AFTER READING 'AFTER READING BURKE'

Somerset Maugham, master of the paragraph:

We all know Buffon's dictum that Le style c'est l'homme même. If it is true then by making yourself acquainted with the man it should be possible to come to a better understanding of his style. But is it true? I think Buffon thought men more of a piece than they really are. They are for the most part an amalgam of virtues and vices, of strengths and weaknesses so incompatible that it is only because they are manifest that you can believe it possible for them to co-exist in one and the same person. Burke was much discussed in his day, passionately praised by some, violently decried by others, and from the various reports that have come down to us, from Hazlitt's essays and the excellent Life of Sir Philip Magnus, it is possible, I think, to get a fairly accurate impression of the kind of man he was. But it is not a plausible one. It is with difficulty that you can persuade yourself to believe that merits so rare can go hand-in-hand with defects so deplorable. You are left utterly perplexed.


Inspiring, no? An excellent piece of text to follow, though if one were so inclined, one could name the defects: an over-reliance on pieces of metaphor and idiomatic expression ('hand-in-hand'), multiple instances of alliteration (which he decries elsewhere in the essay), and that stem-winder of a sentence beginning 'Burke was much discussed in his day...' But the direction! Beginning with common knowledge and demolishing the foundation on which it claims to stand. A better articulation of the principle I sometimes call 'everyone's politics make sense to himself.'* In all, an admirable introduction into the 'biographical' portion of the essay.

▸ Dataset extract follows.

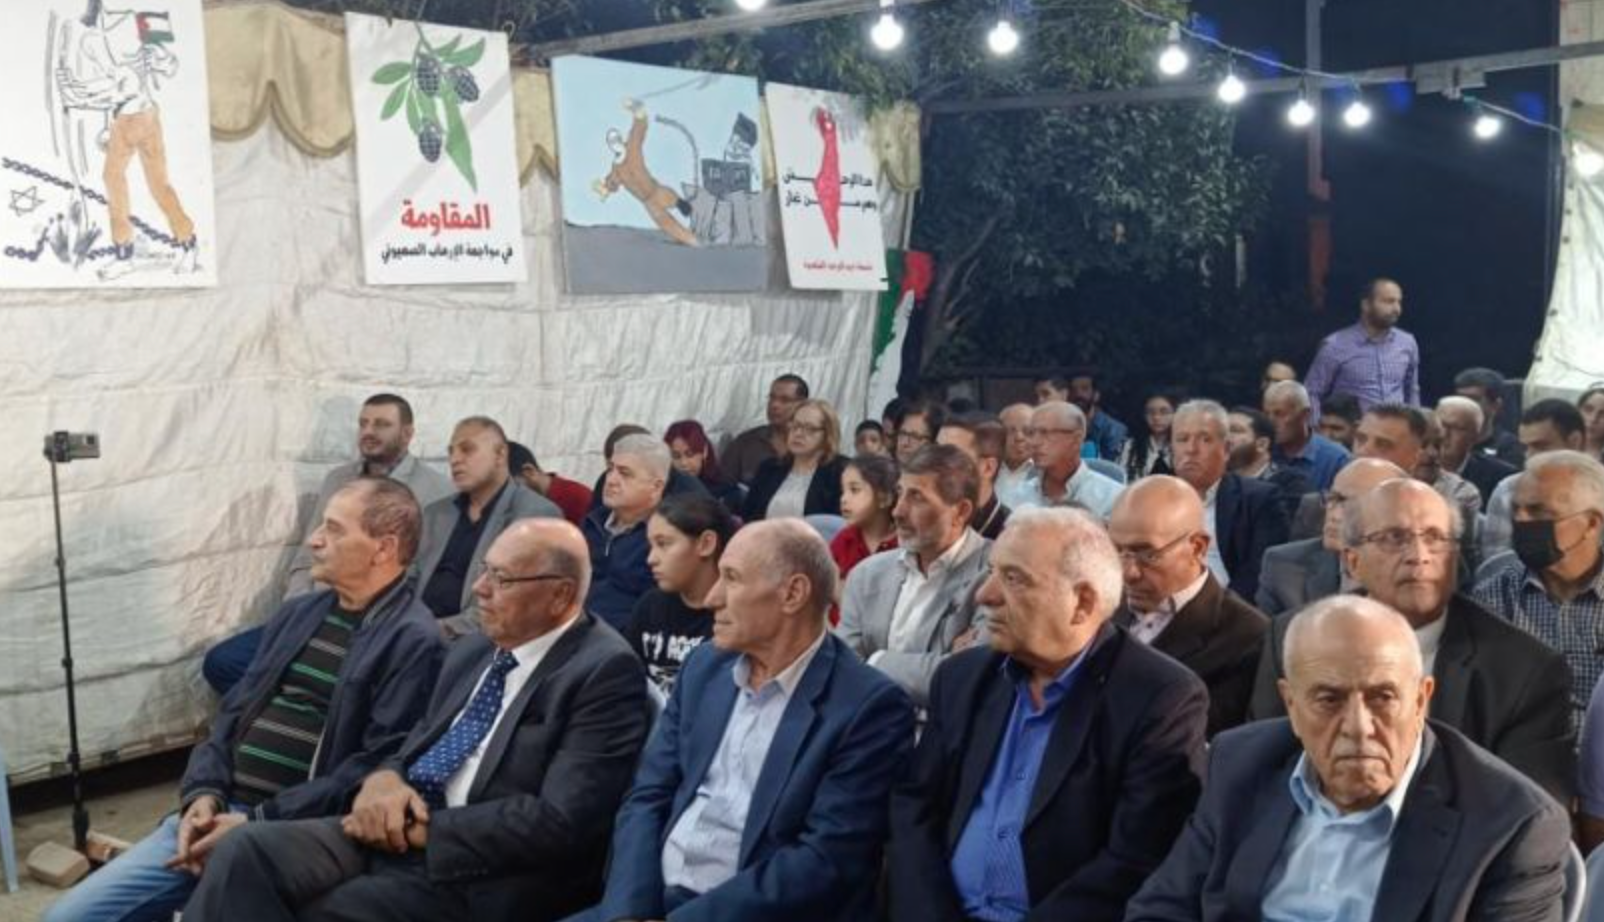 حزب أردني يفتتح خيمة تضامنية مع الأسرى الفلسطينيين

I came across 'After Reading Burke' by accident, searching in the library for Spring Break reading (Cakes and Ale was the book I was searching for--and well worth the search). The volume containing it, The Vagrant Mood, contains a number of other worthwhile essays, especially Maugham's interpretation of Kant's Critique of Judgment (no, really; and no worries, it is a far sight better than Eliot's interpretation of Machiavelli). Maugham, noting that Hazlitt (his favorite among the great English essayists) spares no extravagance on Burke, decides to re-read the material with which he was familiar, and take on for the first time Burke's other major work:

I hasten, however, to tell [the reader] that I do not propose to deal with Burke's thought; for that it would be necessary to have a much greater knowledge of the eighteenth century than I can claim and an interest in, and familiarity with, the principles of politics which I must admit (and it may be that I should admit with some shame) I am far from possessing. I desire to treat only of the manner in which Burke wrote without paying more attention than can be helped to the matter of which he wrote.


The rest of the essay succeeds admirably, and repays well the time spent reading. I have reflected on occasion that political theory is a discipline built on reading and writing, in which we do little instruction on how to read or write. To some extent, this is justified: if you cannot string together a sentence by the time you hit graduate school, you are most likely a hopeless case; if you have to be told how to read, you're not reading enough. Style is a funny thing, and bears little correlation to academic success (or deserved success). Debates, such as the textualist-contextualist debate, purport to be about ways of reading, but are really about ways of constructing an argument. Everyone knows how to read The Prince, we just disagree about which facts are relevant when interpreting it.

For me, this is the value of essays like Maugham's, or Fitzgerald's "One-Hundred False Starts" and "How to Waste Material," or the marvelous Paris Review interviews with Eliot, Faulkner, Dorothy Parker, et al--much of what goes on simply isn't talked about. One must glean assistance where one can. To see one solid writer of English prose do an analysis of another is a rare window in to the questions of how to read and write.


*Coined this one after hearing a professor of my acquaintance talk to an audience in which they gave an expression of their personal views on a number of political matters (those familiar with professors of my acquaintance will have no trouble guessing the individual's identity); I could discern no common thread except that the person believed them all to be true.